• **TRY IT**
For the material below, return exactly the lines starting at the one holding "Dans le style Louis XVI" and ending at the one holding "Les vases en", counting both as part of the range.
== RECORD EXCERPTS
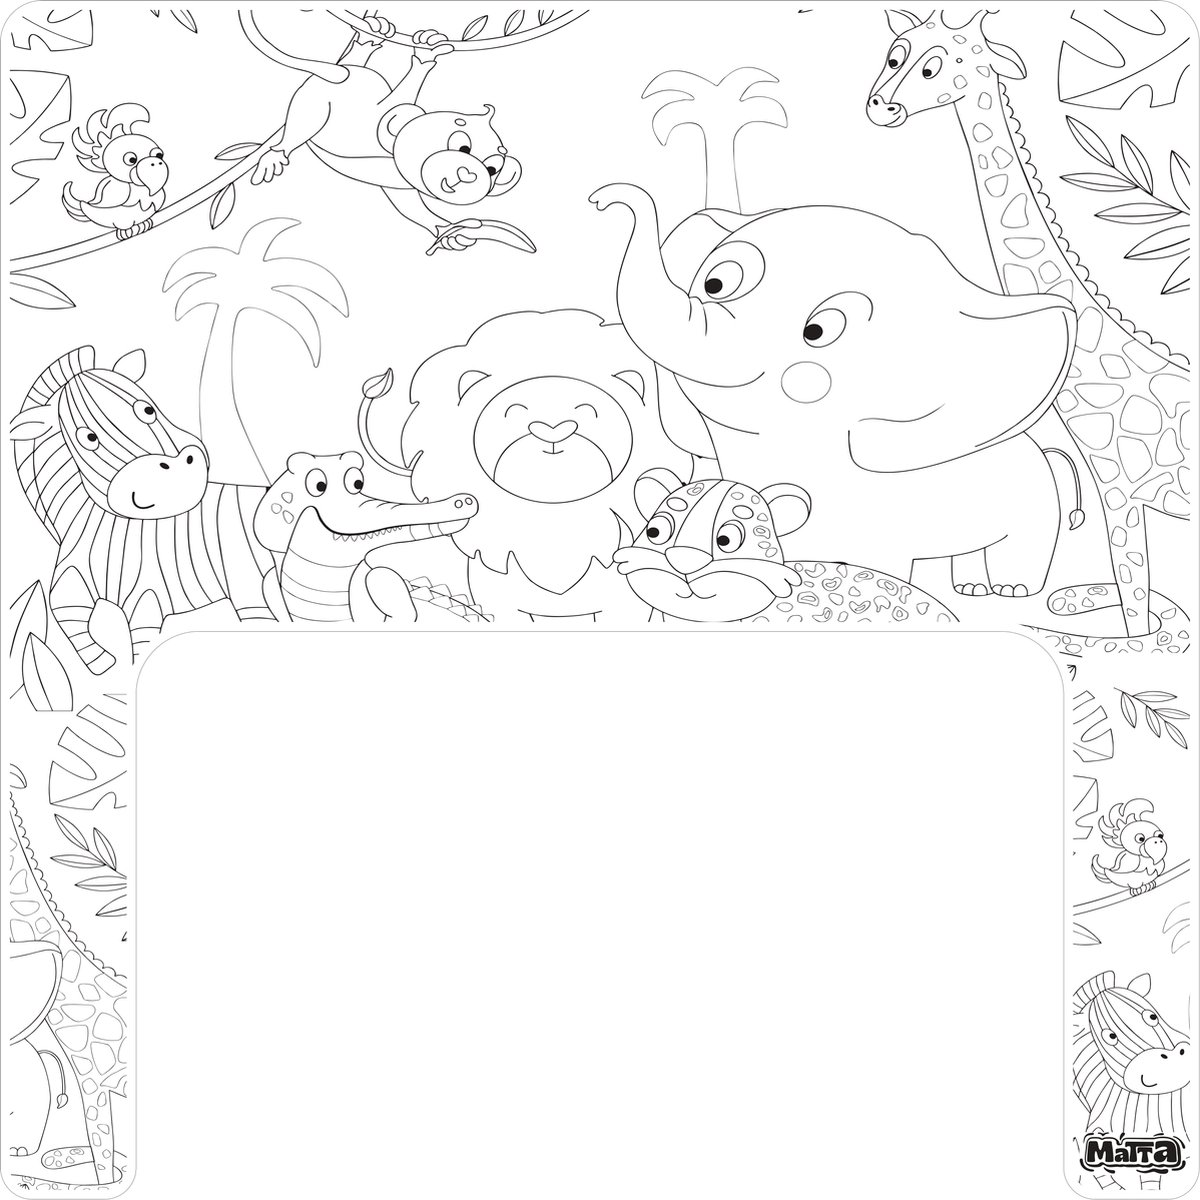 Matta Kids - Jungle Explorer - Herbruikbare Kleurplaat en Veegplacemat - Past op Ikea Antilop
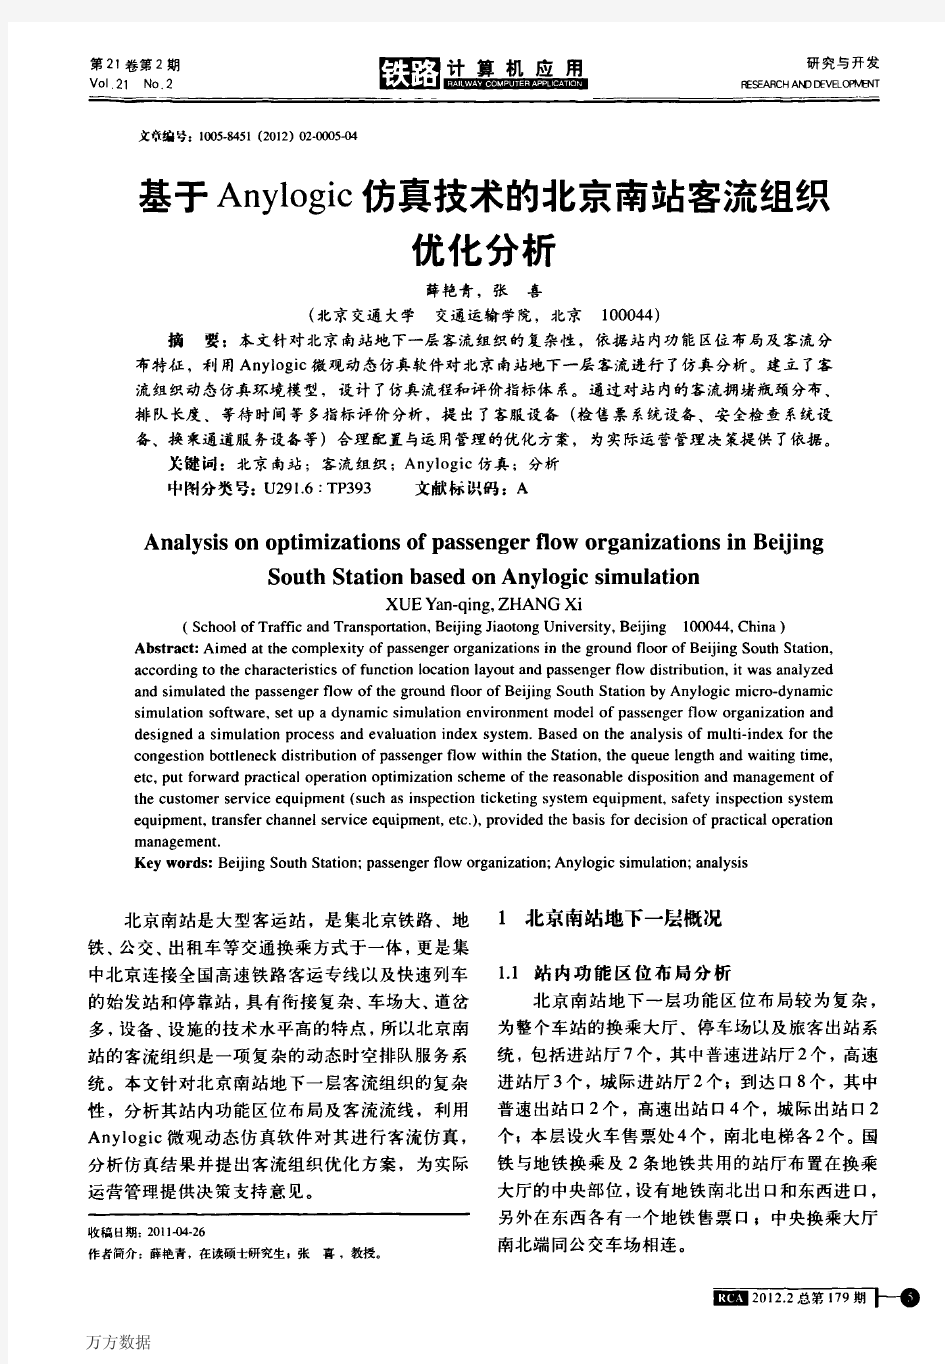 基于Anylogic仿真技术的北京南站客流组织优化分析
====
== RECORD EXCERPTS
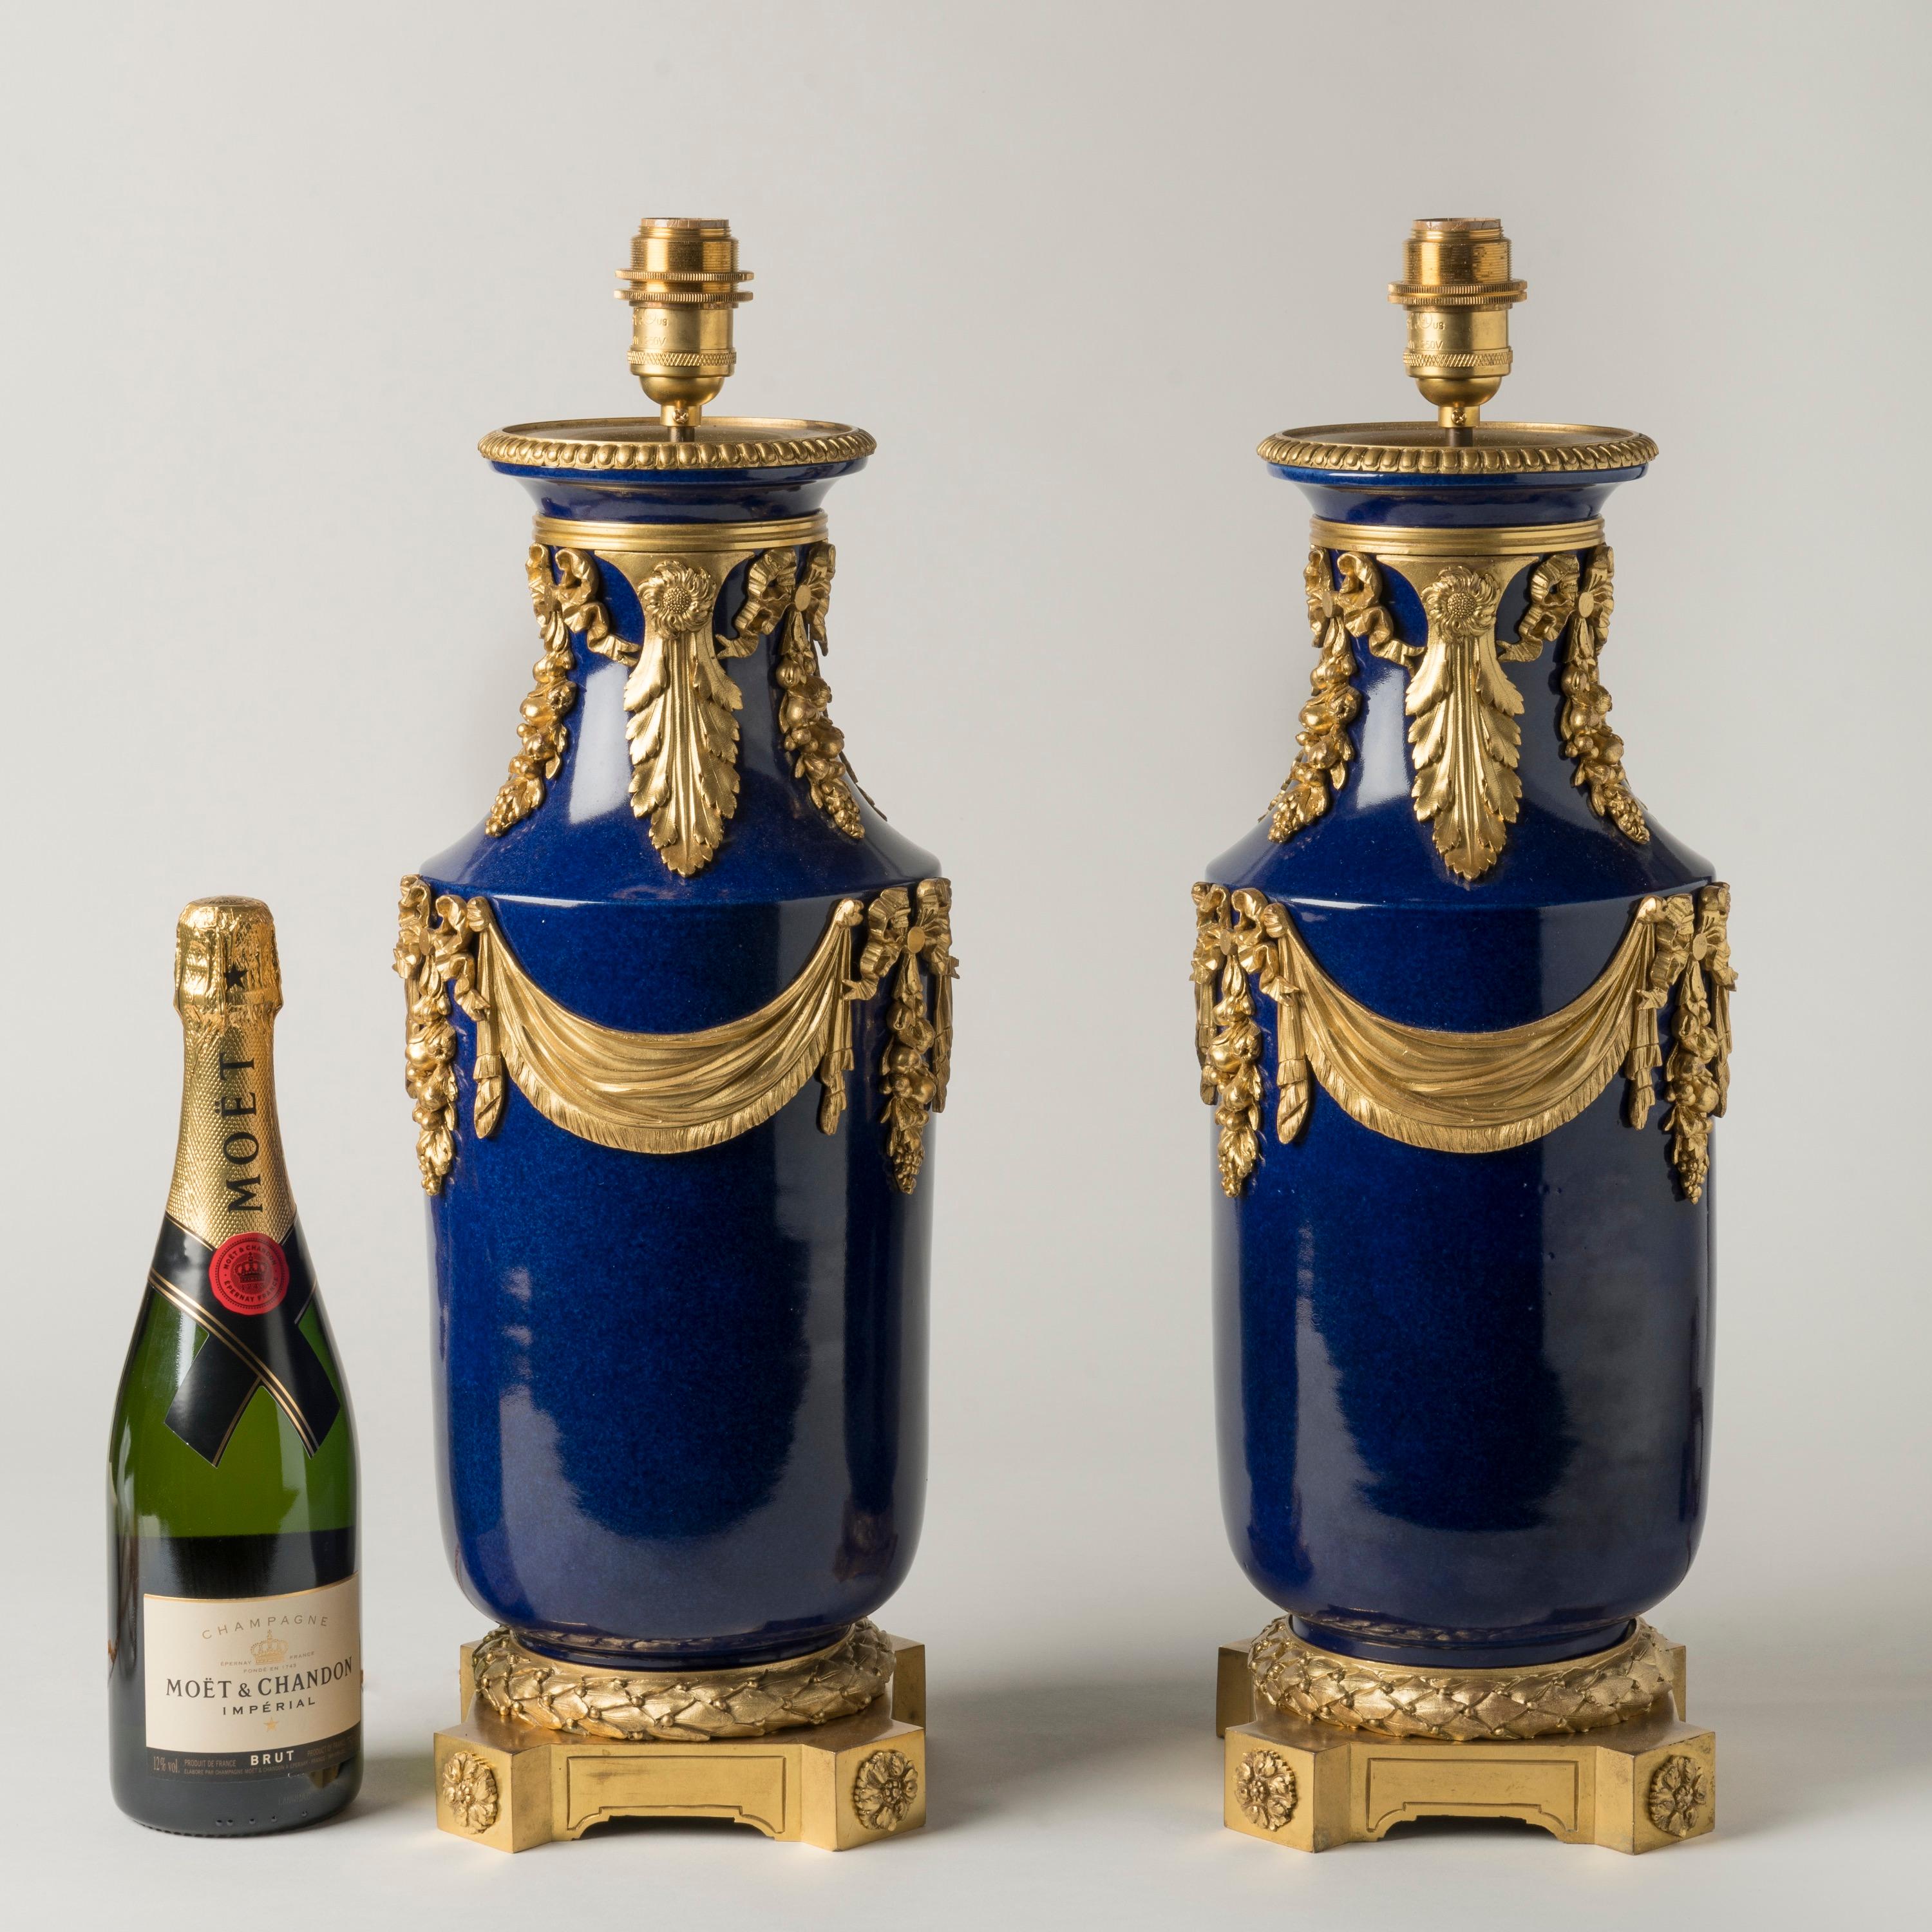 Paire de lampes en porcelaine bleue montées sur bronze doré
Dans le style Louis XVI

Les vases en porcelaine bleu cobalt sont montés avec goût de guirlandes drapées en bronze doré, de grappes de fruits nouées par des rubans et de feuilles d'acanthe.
====
• **REPLY TO THE TASK**
Dans le style Louis XVI

Les vases en porcelaine bleu cobalt sont montés avec goût de guirlandes drapées en bronze doré, de grappes de fruits nouées par des rubans et de feuilles d'acanthe.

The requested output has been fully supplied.